The first day of the conference was concluded by Anne Jenkin – Lady Jenkin – who told the history, almost ten years after it was launched, of Women2Win, set up to increase the number of Conservative women in Parliament. She described going on Woman’s Hour after the 2005 election to talk about how bad the party was at getting women elected:
I remember sitting in the Green Room when the researcher came in to talk to the woman following on after me. A comedian I think. “You are on after a piece about women and the Conservative Party,” she said. And they both chortled. I felt ashamed of my Party. That confirmed to me there was much work to do. I told that story on air with Jenni Murray. Also on the programme was Professor Sarah Childs. Although not I think a professor then, she was already well known to those following the debate about women in Parliament…When I got home I googled her, sent her an email and asked for a private seminar about what the Conservative Party should be doing to attract more women candidates, get them selected and then elected. Sarah may remember that lunch. It was a bit of an eye-opener for me.
Jenkin’s talk was chaired by Childs, and went down very well. For here was a woman with a deep traditional knowledge, through her own family, of the Conservative Party, describing how she has drawn on academic work to help bring about necessary reform.
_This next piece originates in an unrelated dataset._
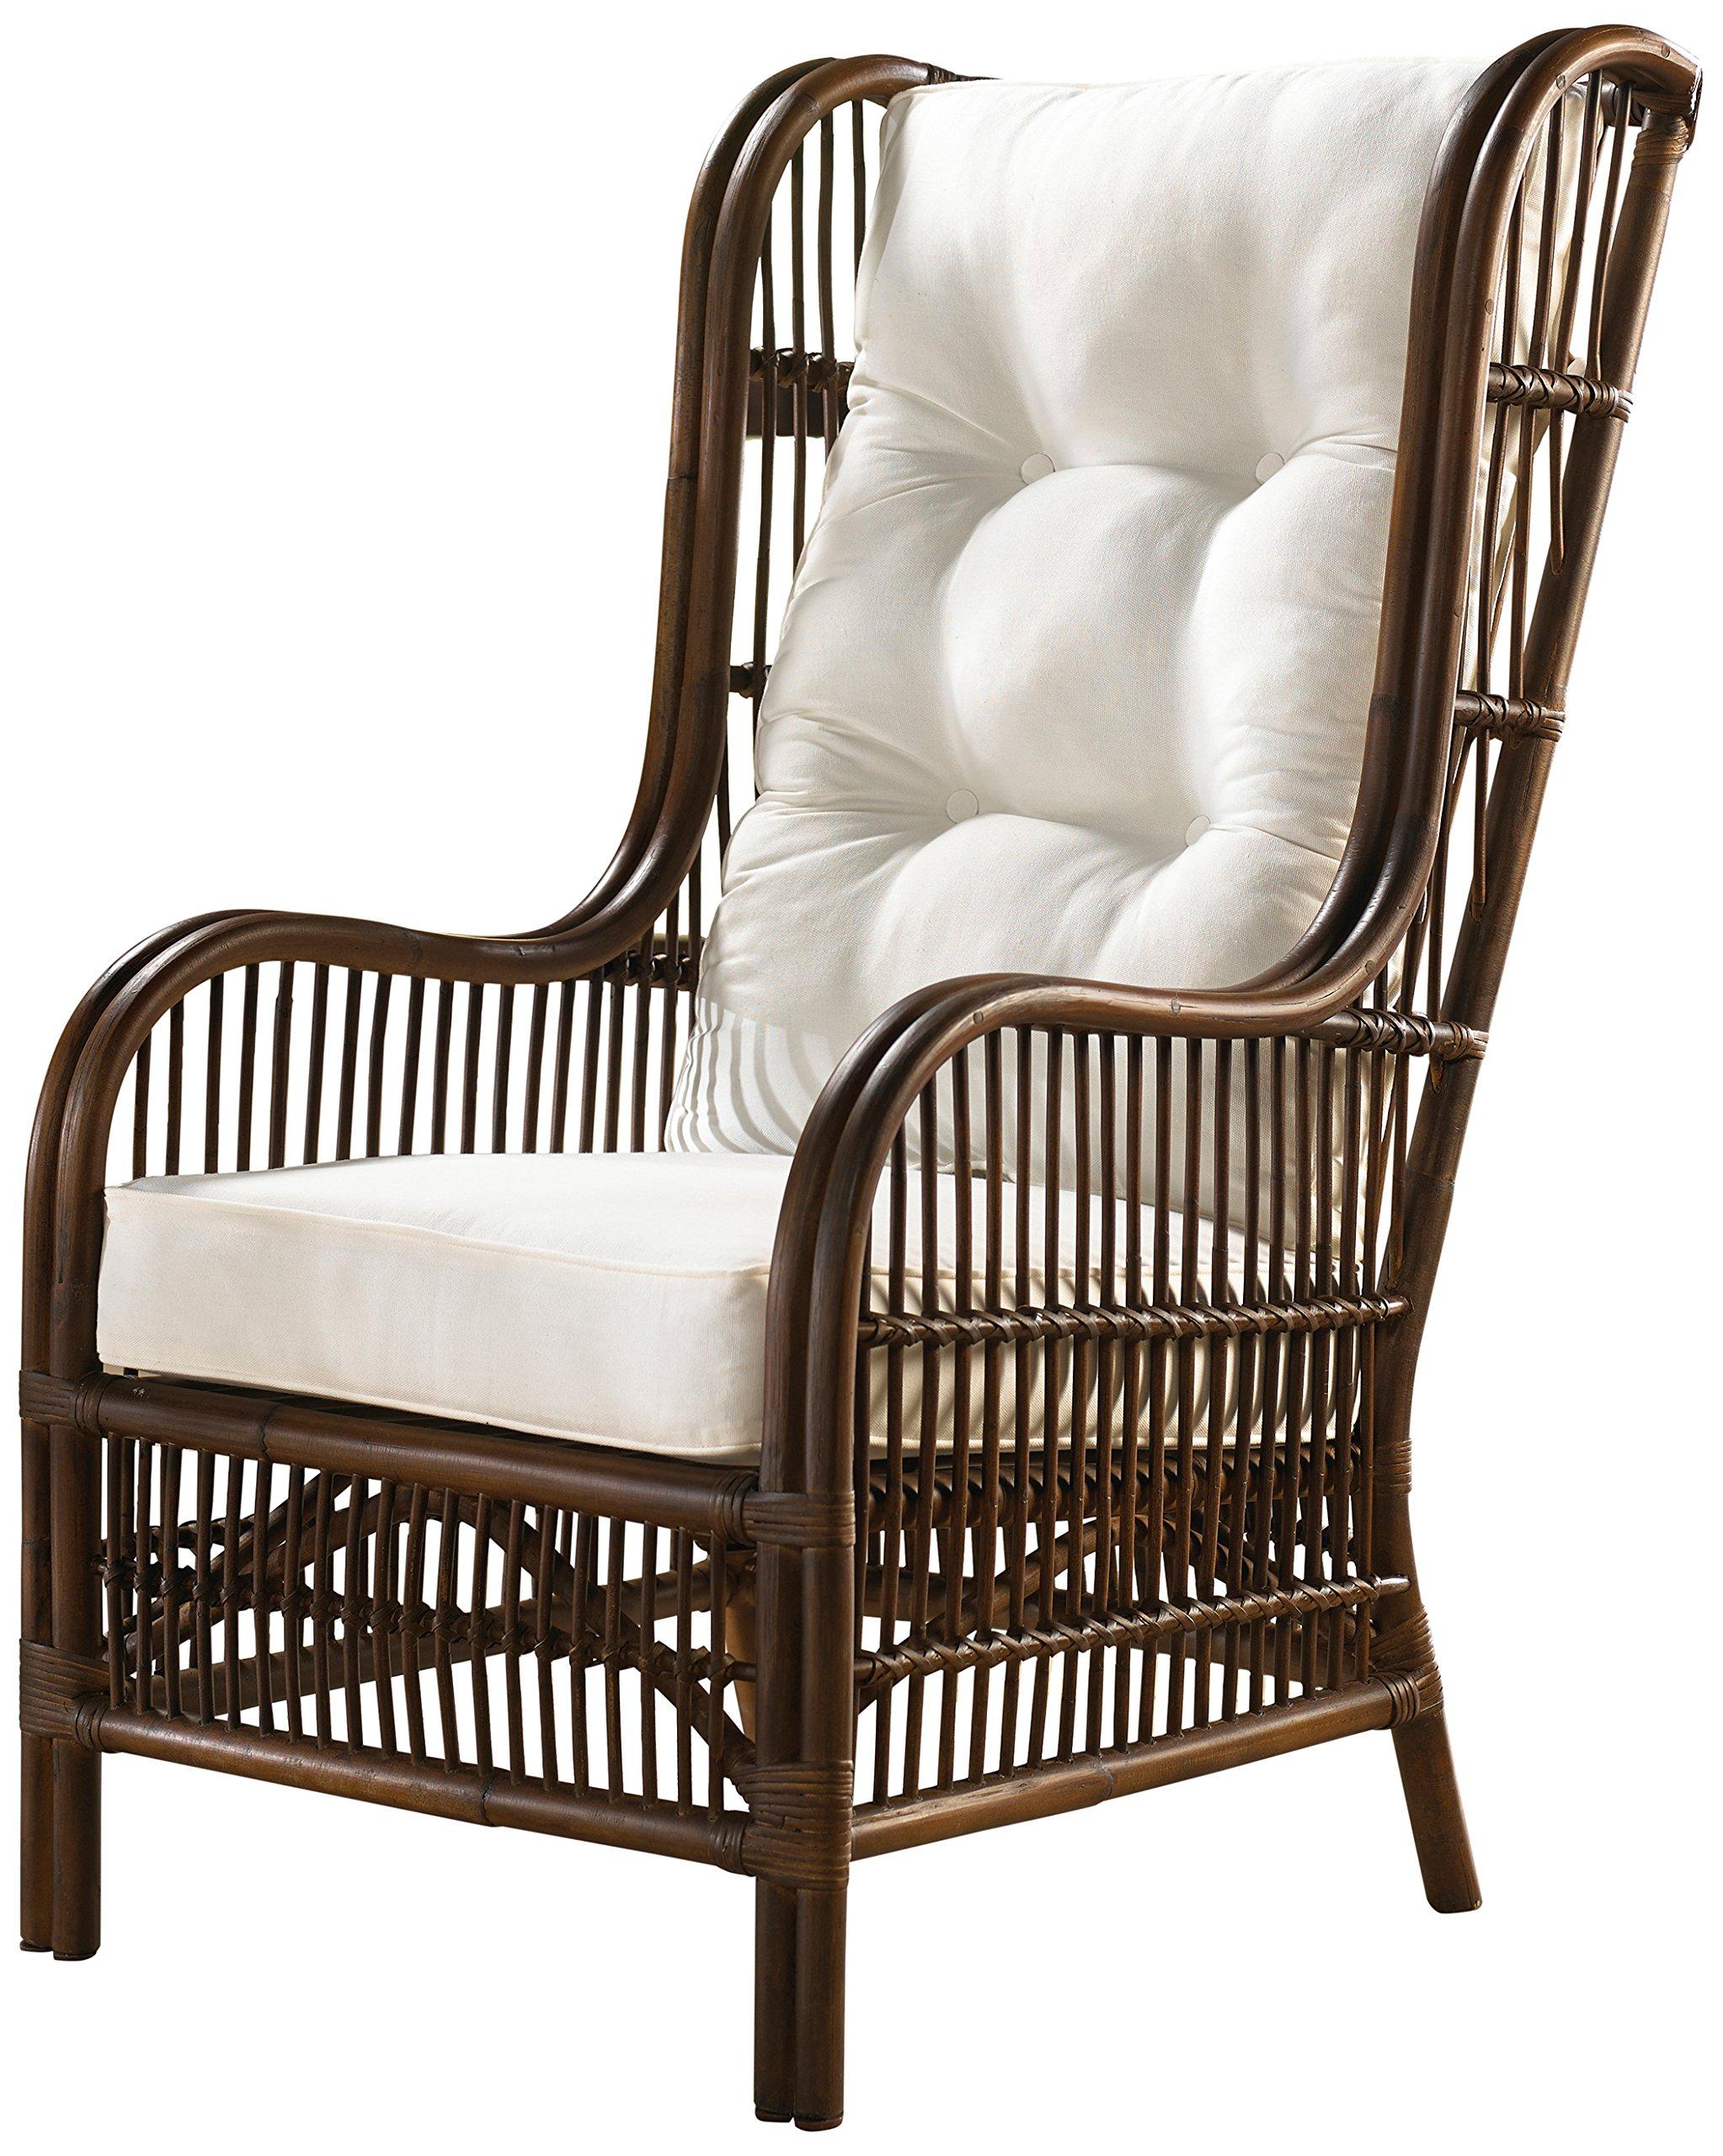 Panama Jack Sunrooms PJS-2001-ATQ-OC Bora Bora Occasional Chair with Cushion, Sunbrella Canvas Spa

Universities which used to be blinded by hatred of Thatcher are starting to notice those reforms. There have always been some academics who recognised that the Tories were far more open than the other lot to new ideas. But it is now possible this truth will become apparent to any scholar who regards the desirability, indeed the necessity, of the feminisation of politics as a self-evident truth.